YTM after 5 years on a 15 year bond with similar risk = 10%

Solution:

Assuming annual compounding, we will first of all calculate the value of bond at the end of 5 years

Value of bond at the end of 5 year = (Annual coupon/(1+YTM)) + (Annual coupon/(1+YTM)^2)) + ................((Annual coupon+Par value)/(1+YTM)^15)
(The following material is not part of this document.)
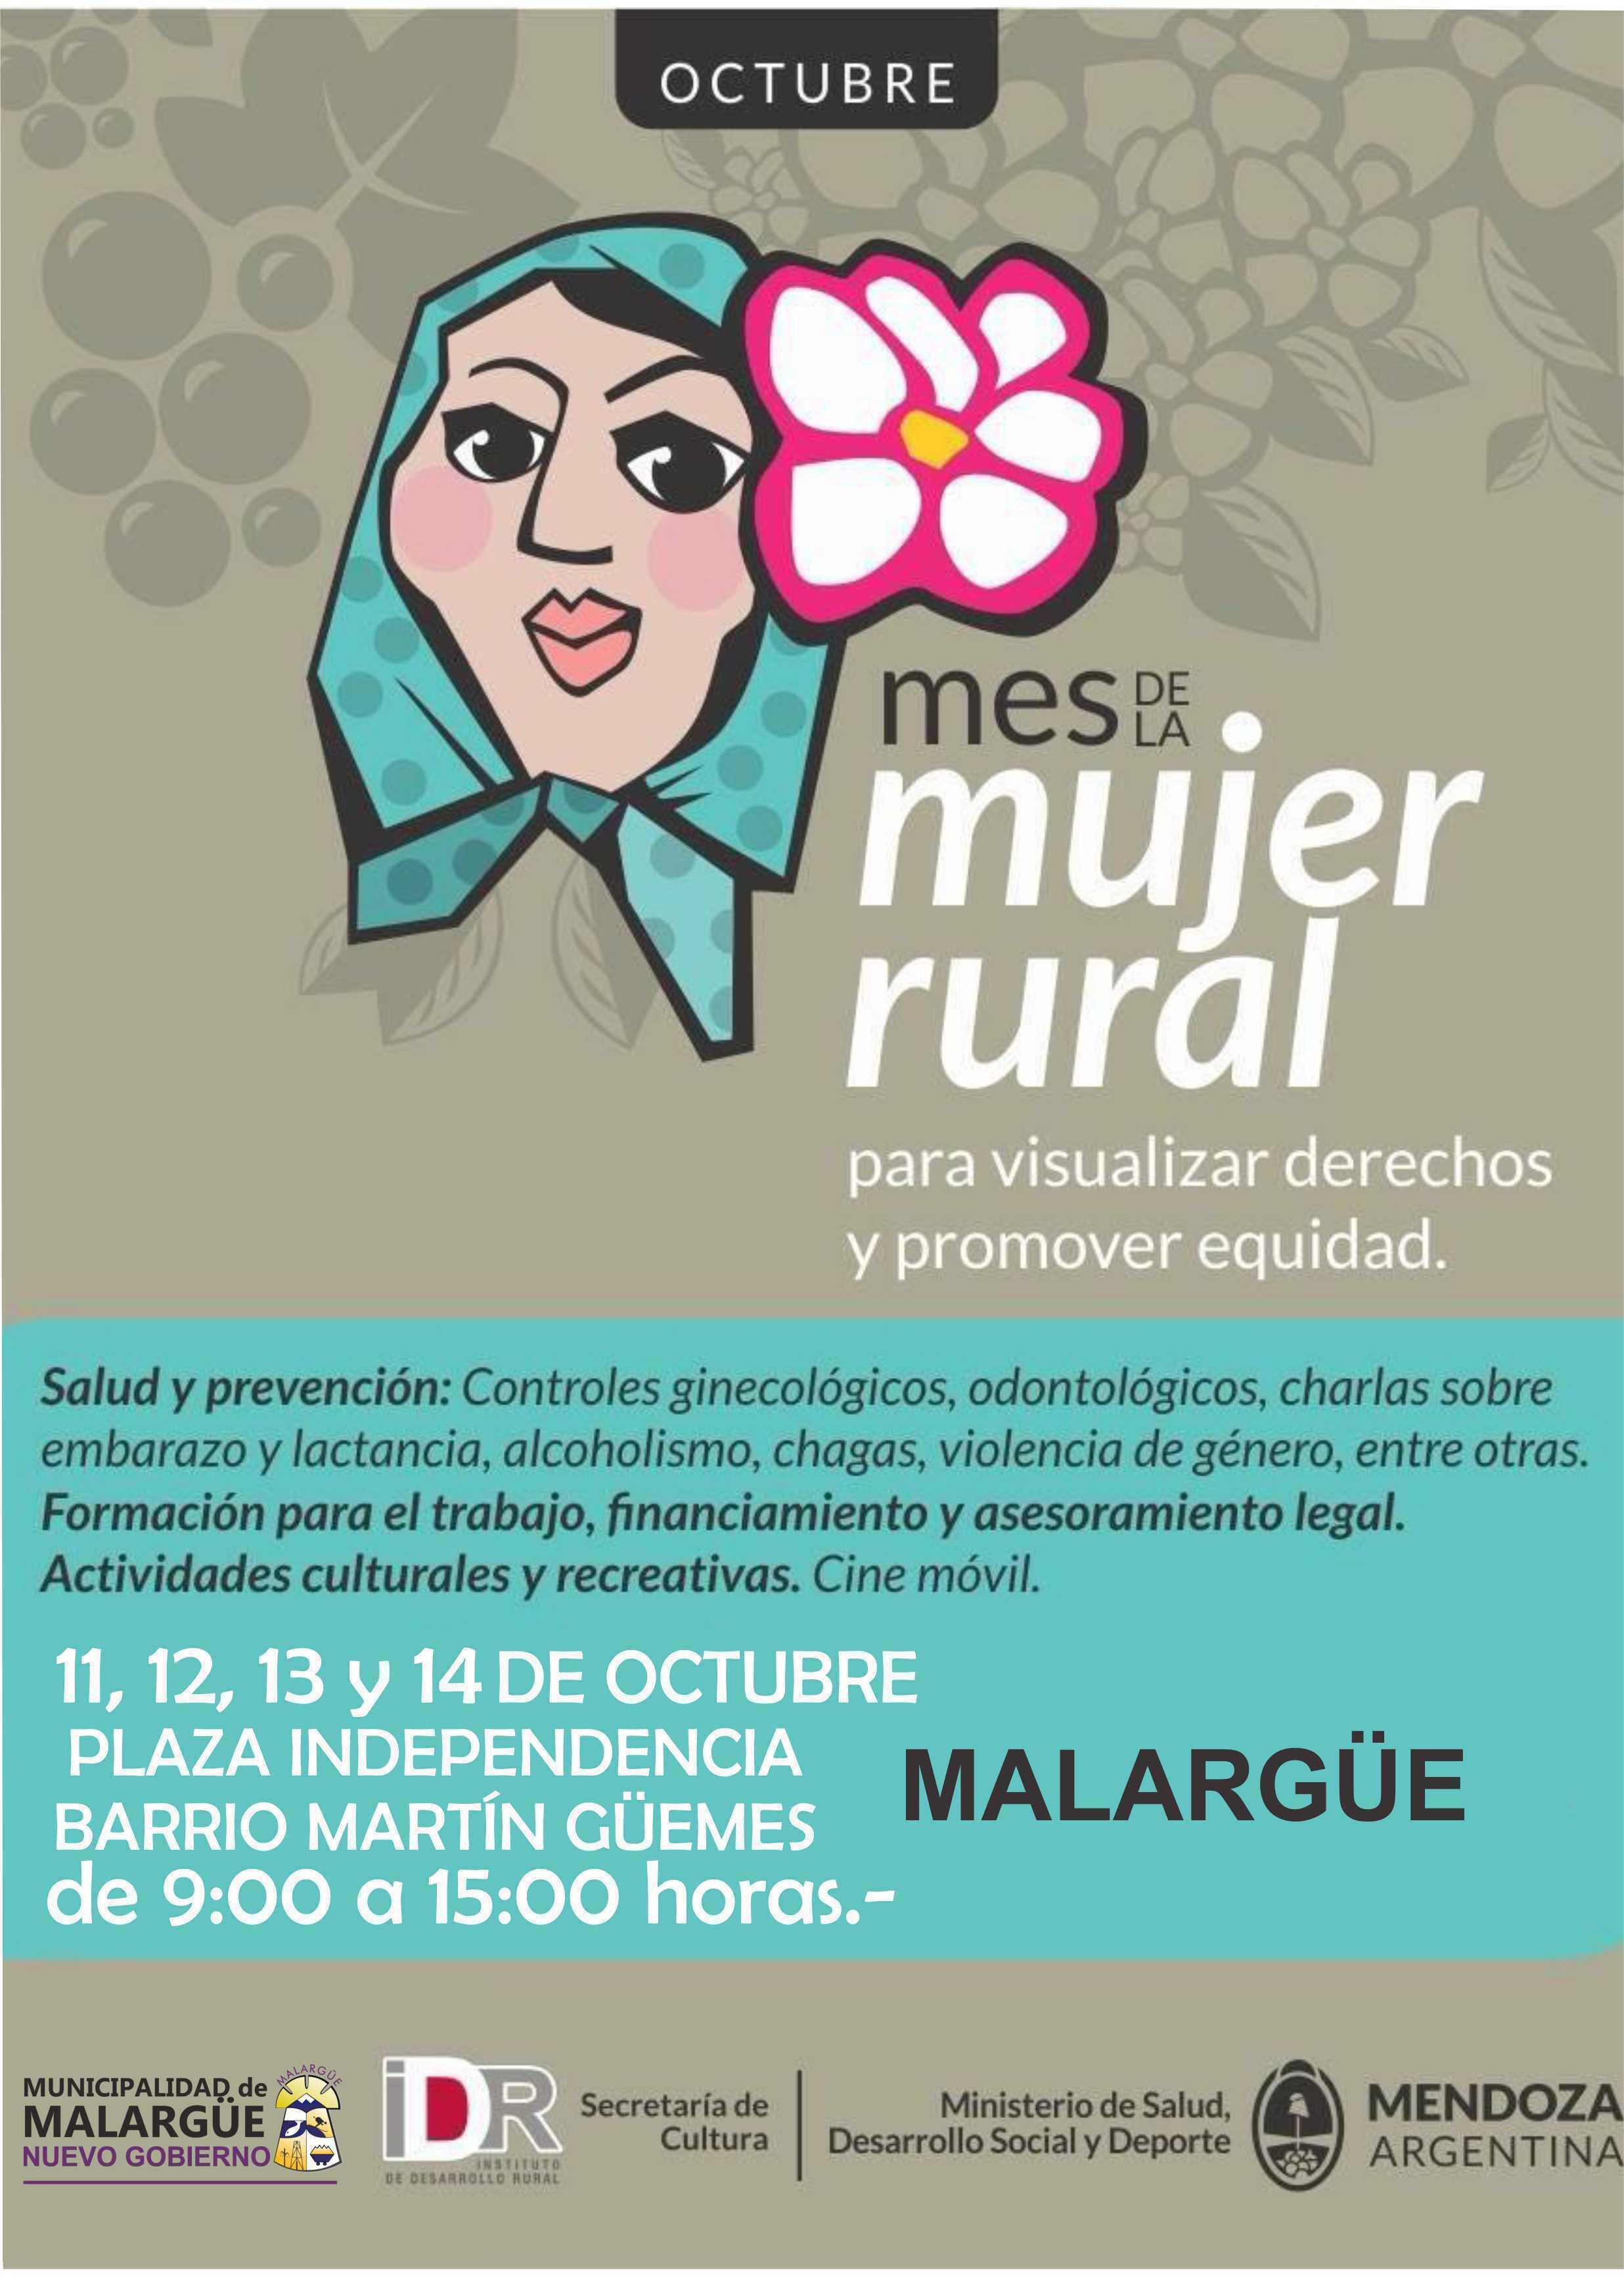 rural-mujer

= ($80/(1+10%)) + ($80/(1+10%)^2) + ....................(($80+$1000)/(1+10%)^15))

= $ 847.88

Since, required rate of return today is 8% and the plan is to hold for 5 years, to calculate the value of bond today, the coupon and value at the end of 5 years will be discounted by 8%

Value of bond today = (Annual coupon/(1+YTM)) + (Annual coupon/(1+YTM)^2)) + ................((Annual coupon+Value at the end of 5 years)/(1+YTM)^15)

= ($80/(1+8%)) + ($80/(1+8%)^2) + ....................(($80+$847.88)/(1+8%)^5))

= $896.47

Value of bond today is $896.47. Therefore, we will be willing to pay $ 896.47 for 20 years non-callable bond with coupon rate of 8%.